In addition, Hidden Markov Models (HMMs) can infer accurate genotype data even at sequencing depths as low as 0.1× (Nguyen Ba et al., 2022). Nguyen Ba et al., 2022 designed an HMM to infer the segregants genotypes from the observed reads at low depth of DNA sequencing by accounting for sequencing error rate, recombination rate, and index swapping rate (Nguyen Ba et al., 2022). As there are only two ancestral lineages, there are only two possible alleles for the strains at each of the 41,594 polymorphic sites. Thus, the genotype of the segregants can be represented by the frequency of only one of the parental alleles, which is RM in the dataset. Applying this model to low-coverage segregants yielded genotypes that are significantly similar to high-coverage replicates (Nguyen Ba et al., 2022). We sought to use a similar model to infer genotypes from scRNA-seq data but we anticipated that some of these parameters may differ due to increased error rate of the reverse transcriptase, increased index swapping due to pooled reaction, etc (Figure 1—figure supplement 1). In Nguyen Ba et al., those rates were heuristically determined, but here we estimated these from the read mapping data and found that re-estimated parameters from data increased the proportion of recovered strains in the single cell data from 58.6% to 65.7%.

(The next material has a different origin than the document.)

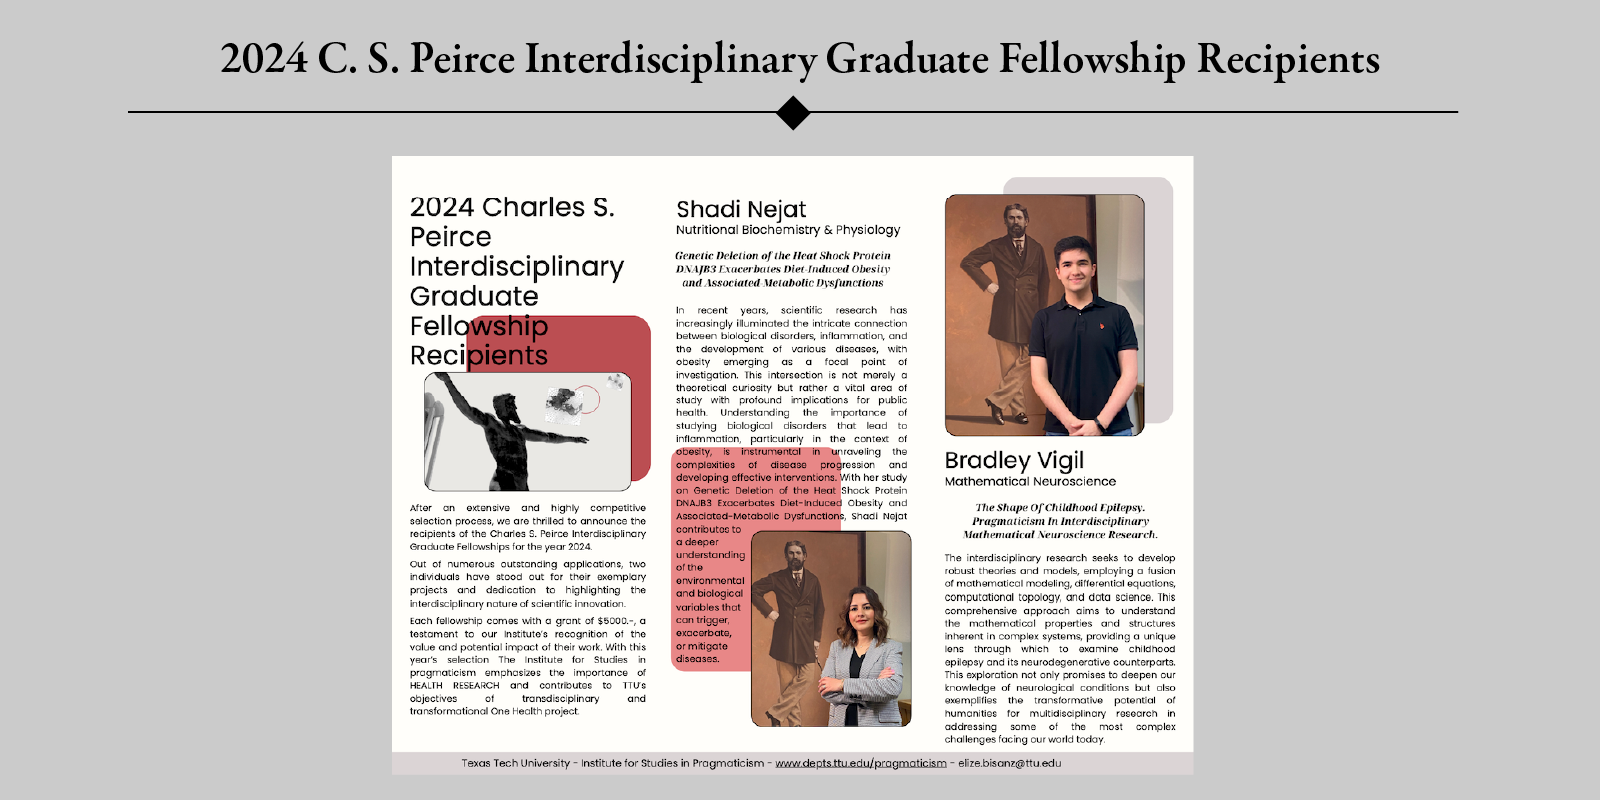 2024 CSP Interdisciplinary Graduate Fellowship Recipients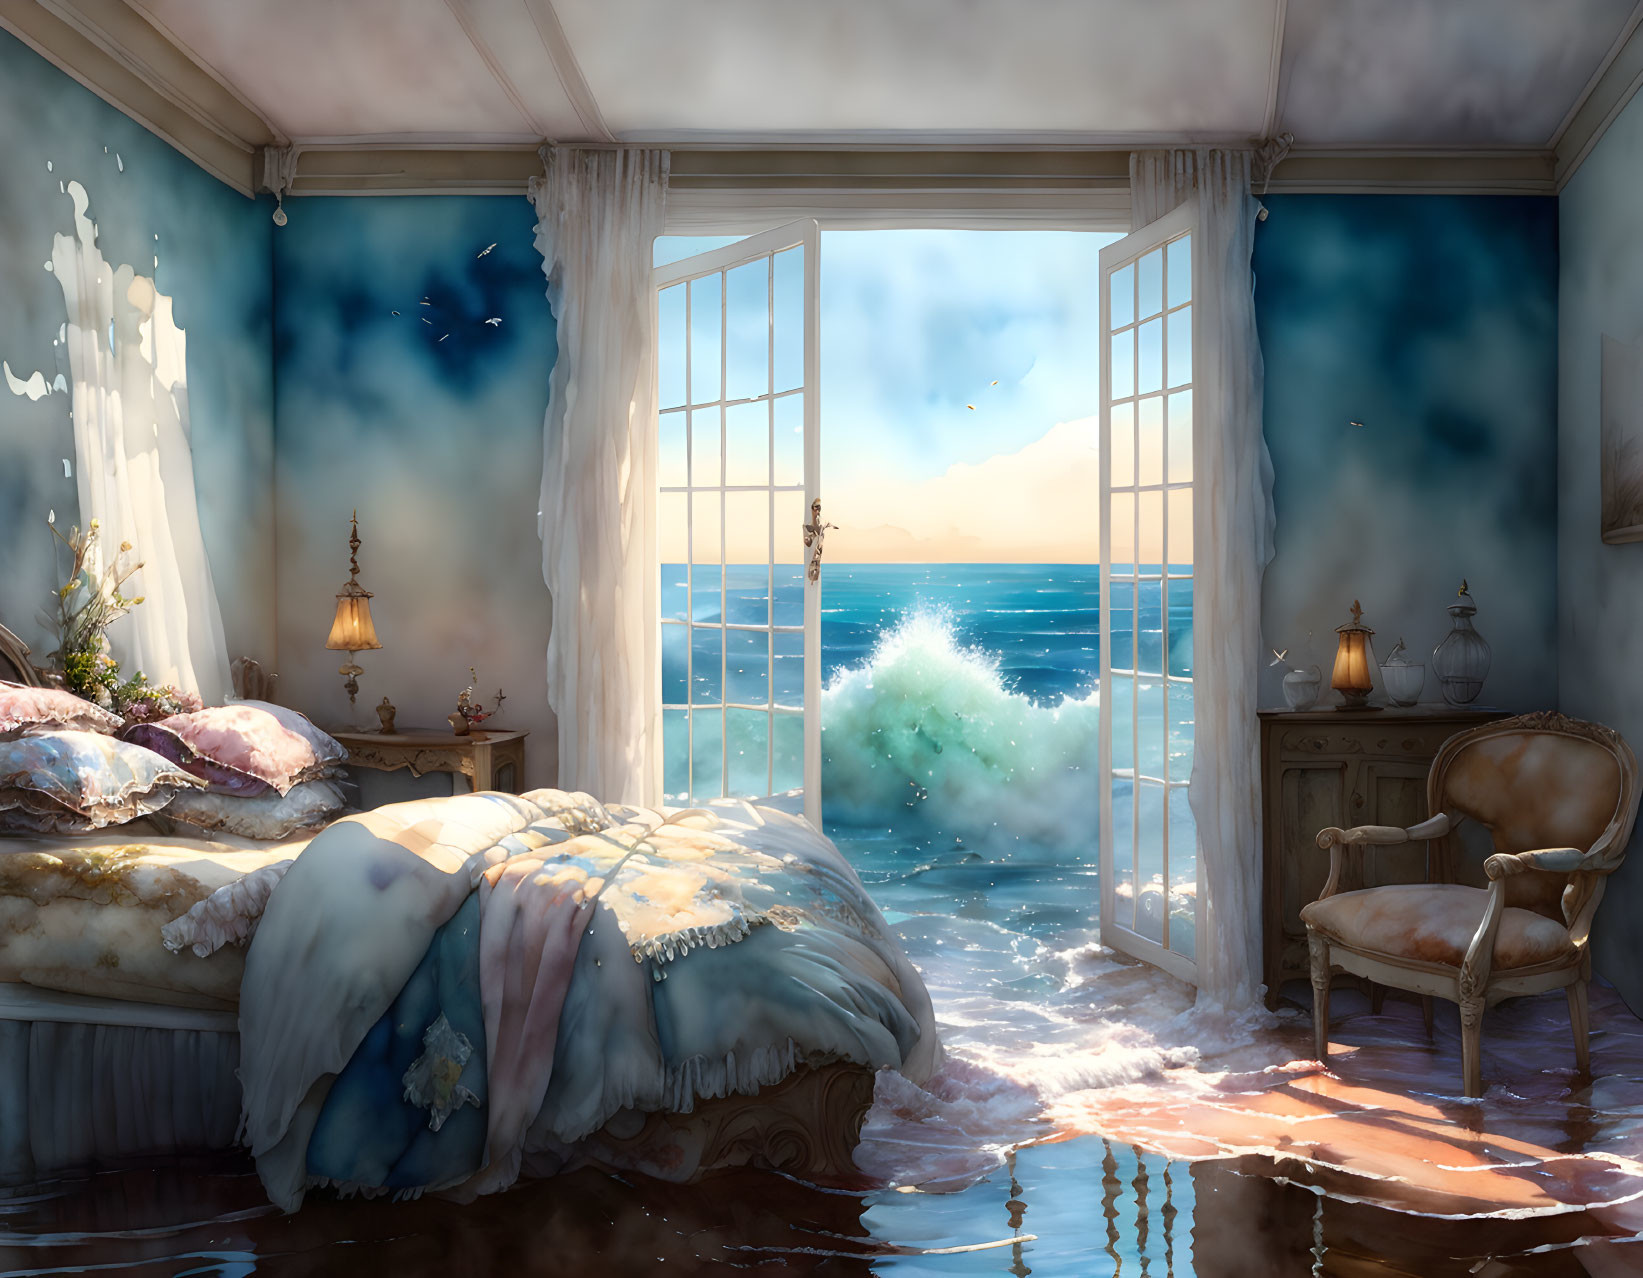 Bed vs Ocean

After adapting the HMM to the scRNA-seq data, we sought to validate that the resulting cell genotypes relate well to their corresponding strain in the reference panel obtained by non-multiplexed DNA sequencing strategies. Ideally, each single-cell barcode (from 10X Genomics Chromium) should be associated with a single cell and a cell should have a clear match with a unique strain in the reference panel. However, several factors can obscure these associations, for example, a single-cell droplet containing cells from two different strains, a low-coverage cell, uncertainty in the allele of the reference genotype, etc. Thus, we designed an approach to assign cells to the correct reference panel strain (see ‘Materials and methods’). This approach relies on two metrics of similarity between the cells and the strains’ genotypes, that is, the expected distance between them, which should be minimized for the best match, and the relatedness (R2). The statistical significance of the relatedness between single cells and reference lineages was determined by a permutation test (Figure 1—figure supplement 2). From the read mapping alone, we obtained a mean R2 of 0.59 (σ=0.19 and median = 0.64), which was significantly improved after applying our HMM to correct for misidentified alleles and imputing data in low-coverage sites using recombination probability. Indeed, the single-cell HMM genotypes yield a mean R2 of 0.73 (σ=0.18 and median = 0.81; Figure 2A). This approach was also successful in a recent eQTL mapping on segregants with a similar genetic background (Boocock et al., 2025). We found that the distribution of relatedness after HMM was still left-skewed, with a minority of cells statistically significantly assigned to a reference genotype despite having what appeared to be low relatedness. Upon investigation, it was found that these could be explained by sequencing coverage and genotyping uncertainty in the single-cell and/or in the reference panel genotype(s) (Figure 1—figure supplement 3; Supplementary file 1).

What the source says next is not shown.